The innocuous ones we don’t have to worry about, but wouldn’t it make it easier if the scripts were disclosed with an explanation of their purpose? Better yet, if we could chose to opt out?boucher-internet-privacy-law

Rick Boucher (pictured), a long time Virgina Democrat, who is considered to be one of the most technologically savvy members of Congress recently took over as chairman of the House Subcommittee looking after telecommunications, technology, and the Internet. One of his top priorities is the passing of a bill to regulate the privacy of Internet users.

Why Do Websites Run Scripts?
Marketing. Understanding your online needs and behavior means better targeted advertisements;  from meeting singles online, to plus size clothing. Keep in mind, not all sites have scripts that are collecting your data, usually it is found with “big” sites. According to New York Times columnist, Saul Hansell, lobbyists for Internet companies and trade groups told him “they are preparing to ‘educate’ Mr. Boucher on the benefits of targeted ads.”  Rep. Boucher is convinced that privacy legislation will be good for internet companies as it will enhance the confidence for internet businesses.

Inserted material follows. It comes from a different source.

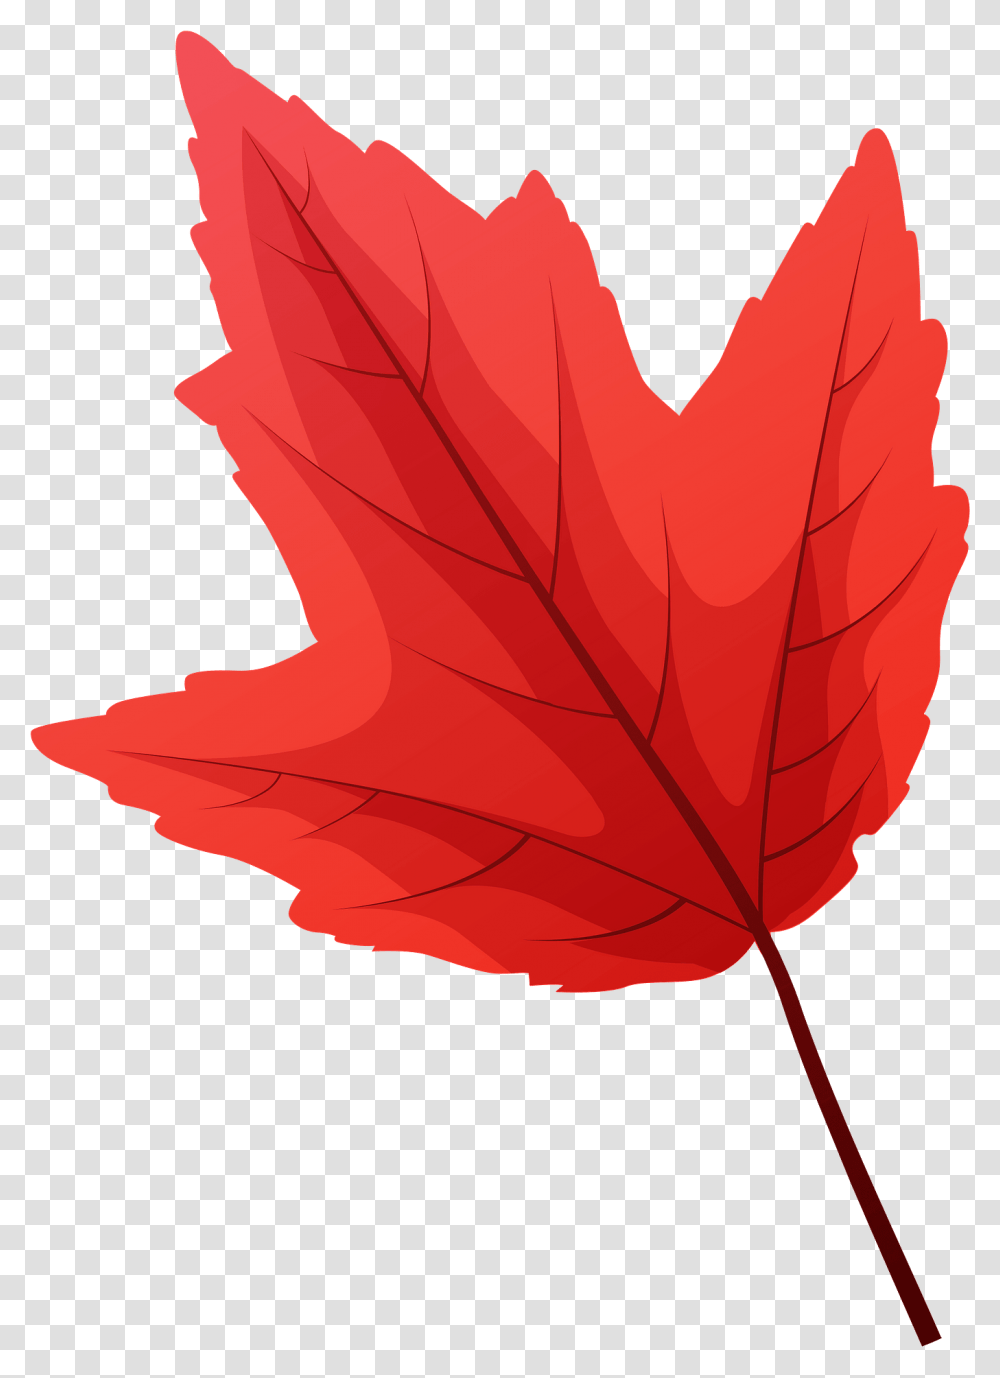 Red Maple Late Autumn Leaf Clipart Free Download Clipart Autumn Leaf, Plant, Tree, Maple Leaf Transparent Png

There is a long way to go before the bill is actually signed into law.  With Google CEO, Eric Schmidt, as a member of Obama’s transition advisory board, both sides are sure to have their say, and the Obama administration has not said publicly if it wants any new privacy laws.

What Good is Coming Out of Rep. Boucher’s Effort?
Major website businesses are paying attention.  Boucher’s placement of Internet privacy near top of his priority list means that the Googles and Amazons (and even the adult industry) of the world are taking note.  While they may begin to implement variations of “opt-outs” so they can still get the data they desire while appeasing Boucher, there are literally billions of dollars behind companies which survive from Internet advertising.  If Boucher wants his way, it’s not going to be an easy path.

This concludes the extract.